Amazon EC2 Enables Cheap Brute-Force Attacks 212
snydeq writes "German white-hat hacker Thomas Roth claims he can crack WPA-PSK-protected networks in six minutes using Amazon EC2 compute power — an attack that would cost him $1.68. The key? Amazon's new cluster GPU instances. 'GPUs are (depending on the algorithm and the implementation) some hundred times faster compared to standard quad-core CPUs when it comes to brute forcing SHA-1 and MD,' Roth explained.
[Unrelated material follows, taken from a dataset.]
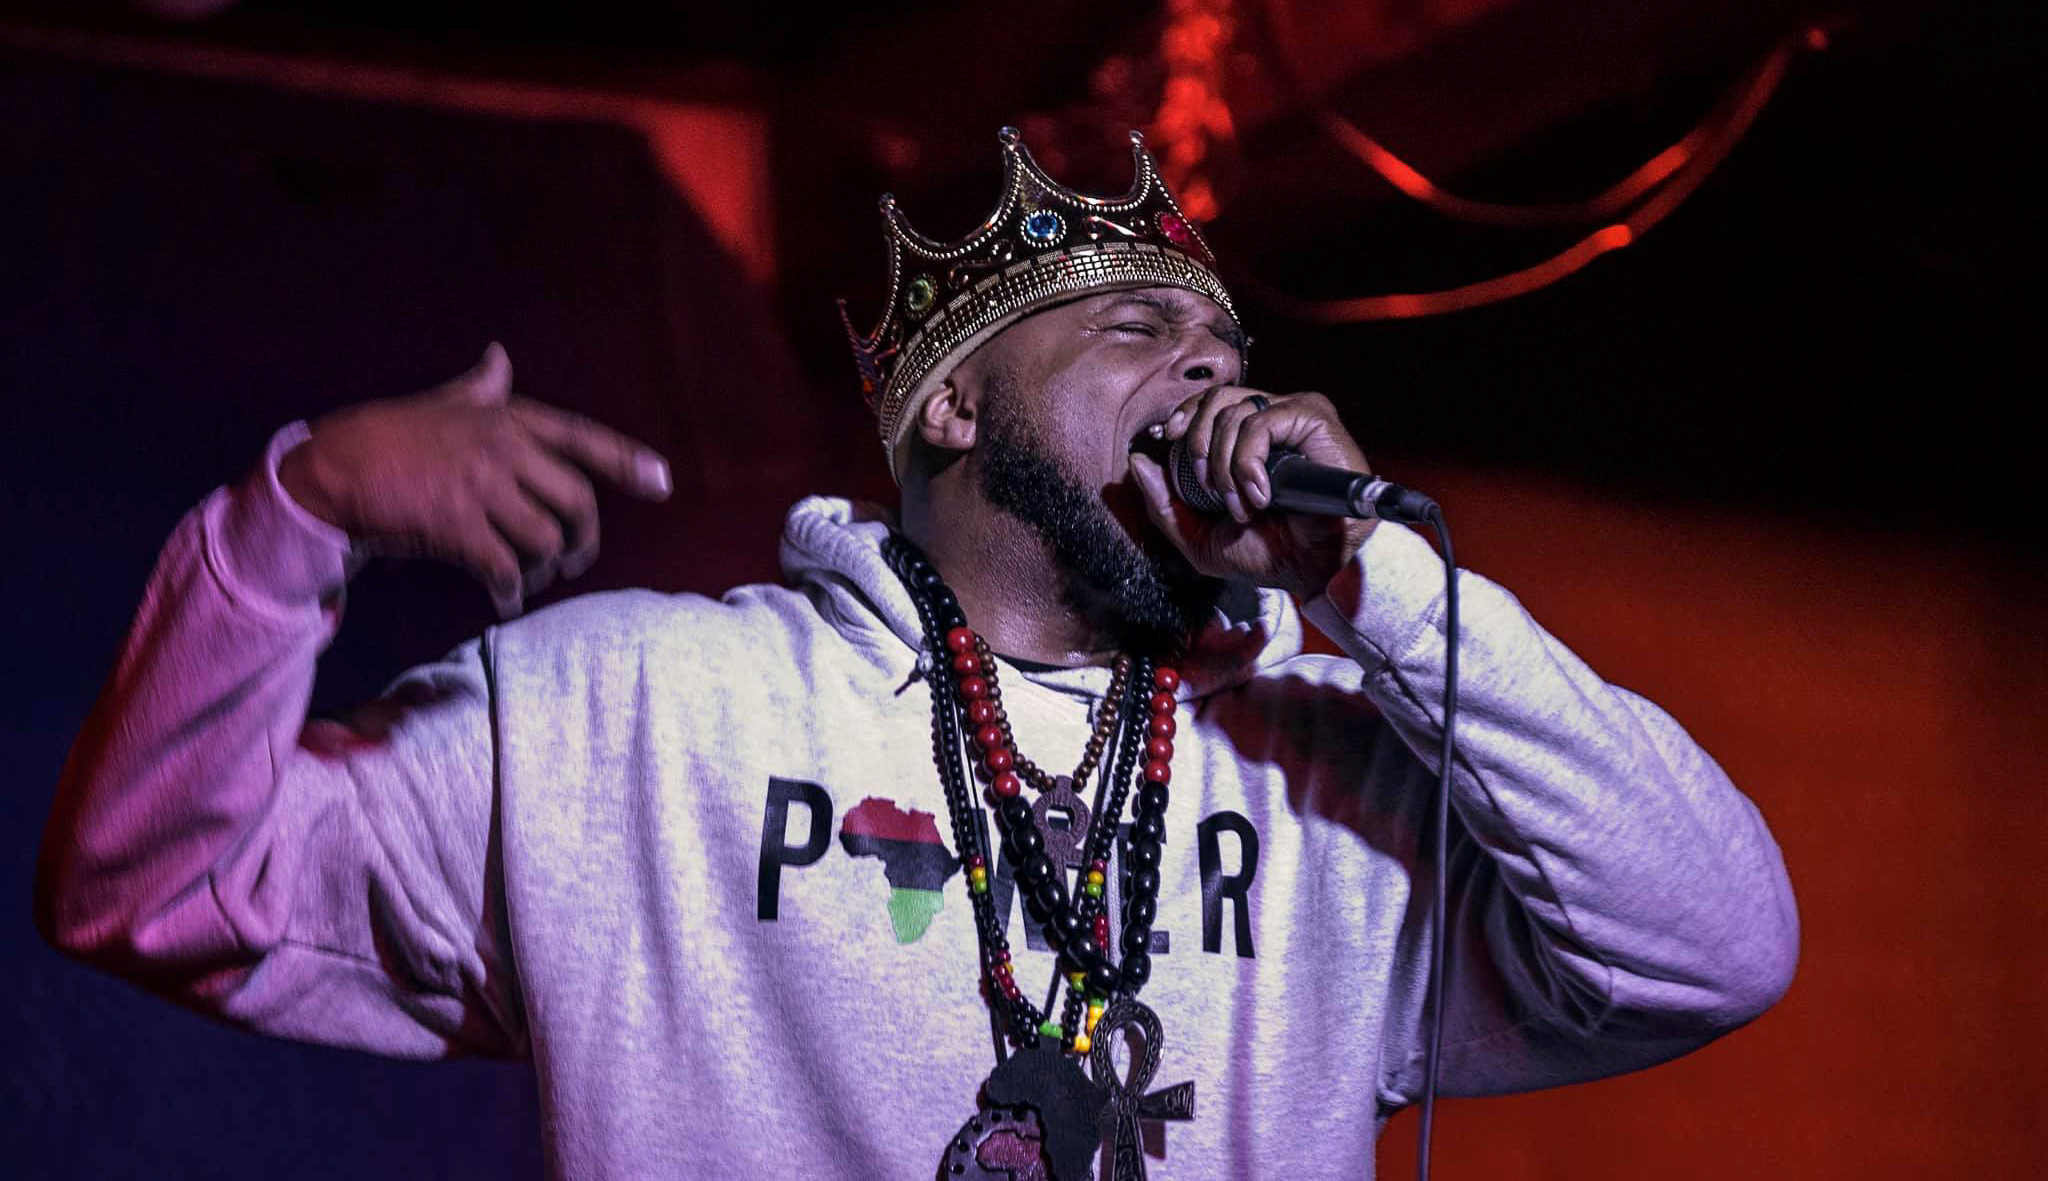 Man wearing a crown holding up a microphone

GPU-assisted servers were previously available only in supercomputers and not to the public at large, according to Roth; that's changed with EC2. Among the questions Roth's research raises is, what role should Amazon and other public-cloud service providers play in preventing customers from using their services to commit crimes?"
That's silly. (Score:5, Insightful)
"what role should Amazon and other public-cloud service providers play in preventing customers from using their services to commit crimes?"
The same role that Ford Motor Company is responsible to fill in preventing the use of it's vehicles as Getaway cars from scenes of crimes.
Wikileaks (Score:5, Insightful)
Amazon provide infrastructure services. They need not, should not, must not know or seek to know how these services are used.
Oh wait, Wikileaks...
None? (Score:5, Insightful)
They should not take any steps in this direction. We should have learned that. it. just. don't. work. Brute-forcing a hash is not illegal anyway. If the customer of amazon decides to misuse the result, than this is not the responsibility of Amazon. Many services and tools can be abused for crime.
Easy answer (Score:5, Insightful)
what role should Amazon and other public-cloud service providers play in preventing customers from using their services to commit crimes?"
No role whatsoever; let law enforcement agencies handle criminal investigations.
Well I Can Answer the Last Question (Score:5, Insightful)
Among the questions Roth's research raises is, what role should Amazon and other public-cloud service providers play in preventing customers from using their services to commit crimes?"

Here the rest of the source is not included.